* [DATA SECTION]
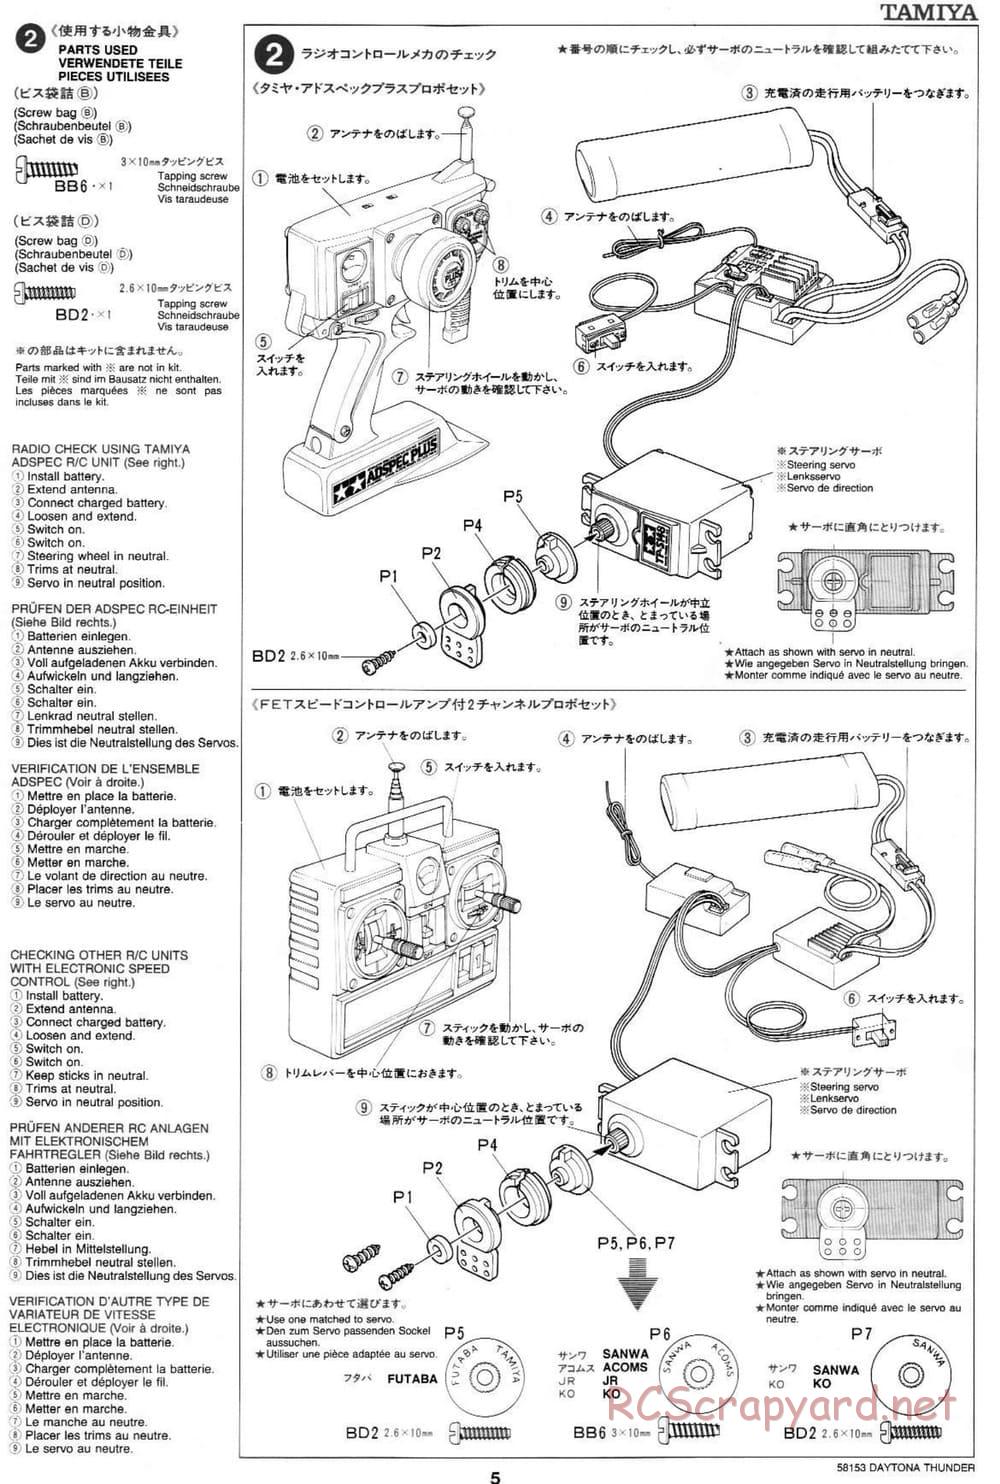 Tamiya - Daytona Thunder - Group-C Chassis - Manual - Page 5
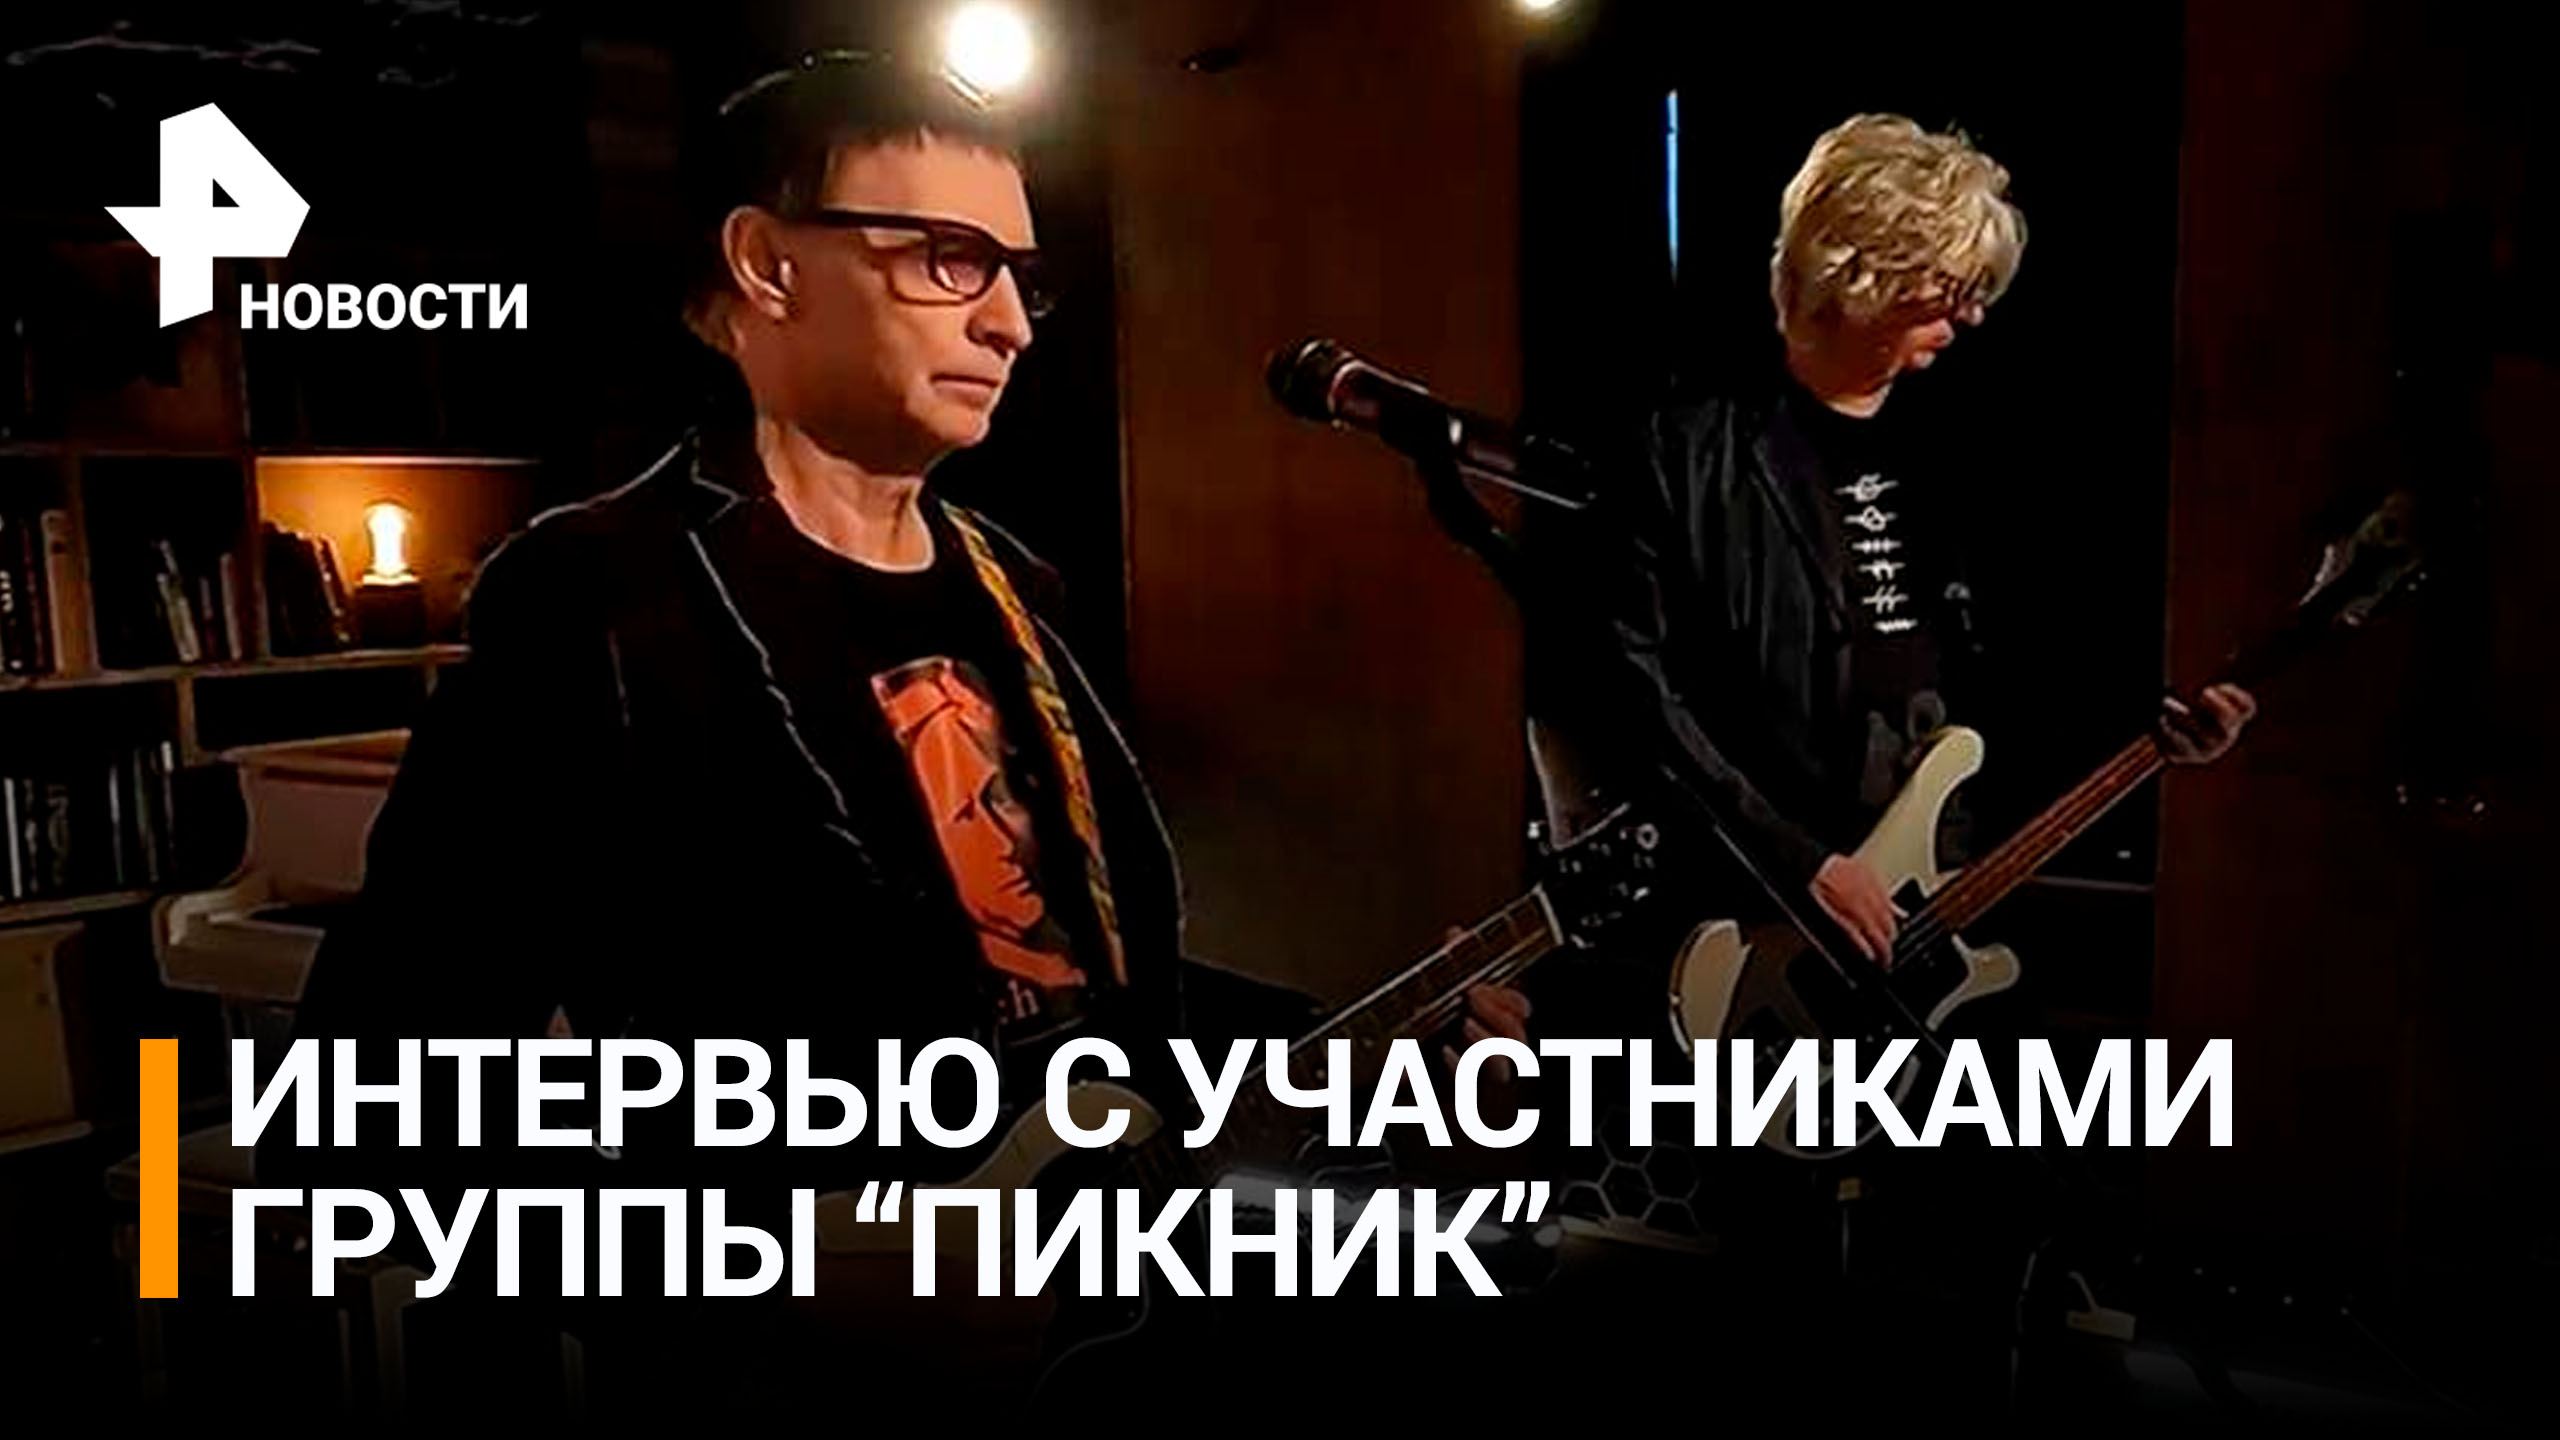 Рок-группа "Пикник" в Москве и Санкт-Петербурге представит лучшее шоу за всю историю существования
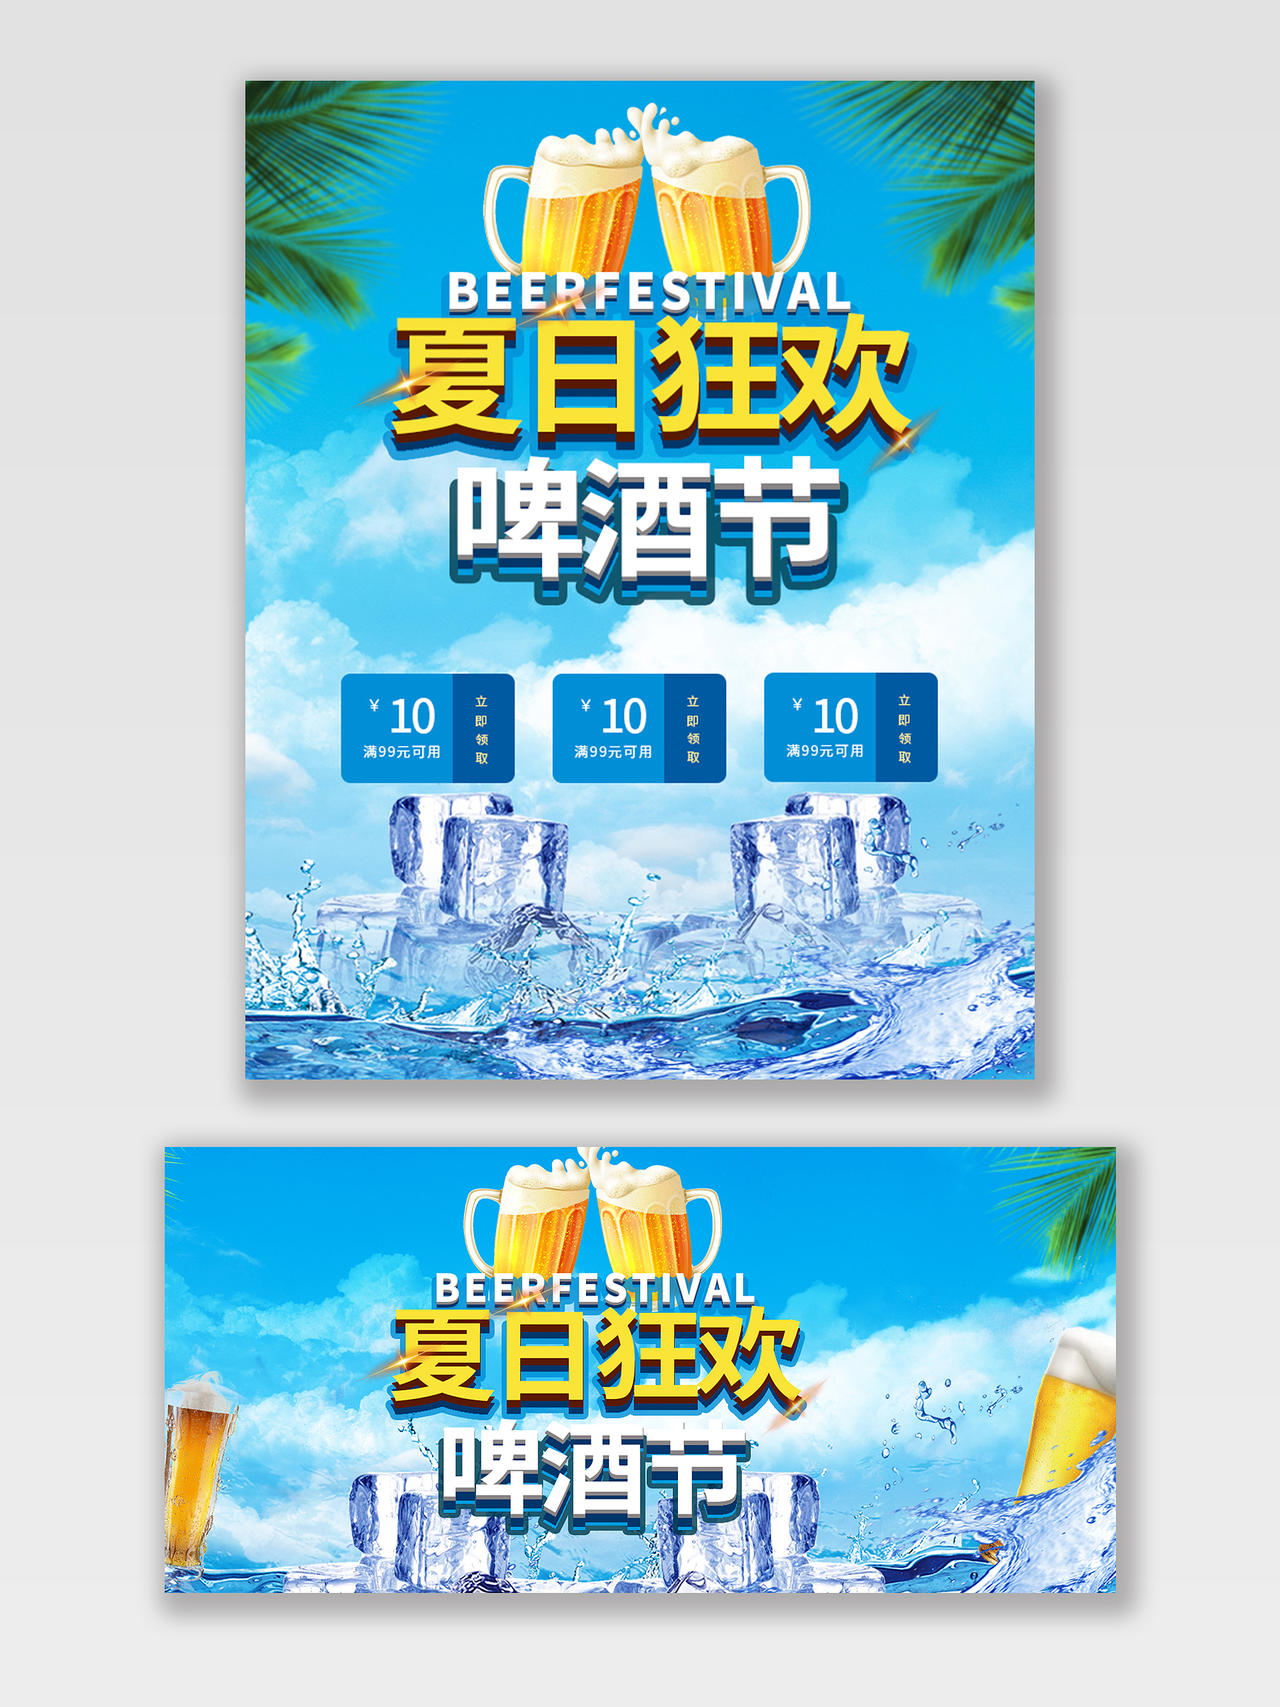 蓝色清爽狂欢夏日啤酒节天猫啤酒节海报banner

* [WORK ITEM]
Where pictures appear, skip them and transcribe all other material word for word.

* [OUTPUT OF THE TASK]
 Tamiya - Daytona Thunder - Group-C Chassis - Manual - Page 5
 Рок-группа "Пикник" в Москве и Санкт-Петербурге представит лучшее шоу за всю историю существования
 蓝色清爽狂欢夏日啤酒节天猫啤酒节海报banner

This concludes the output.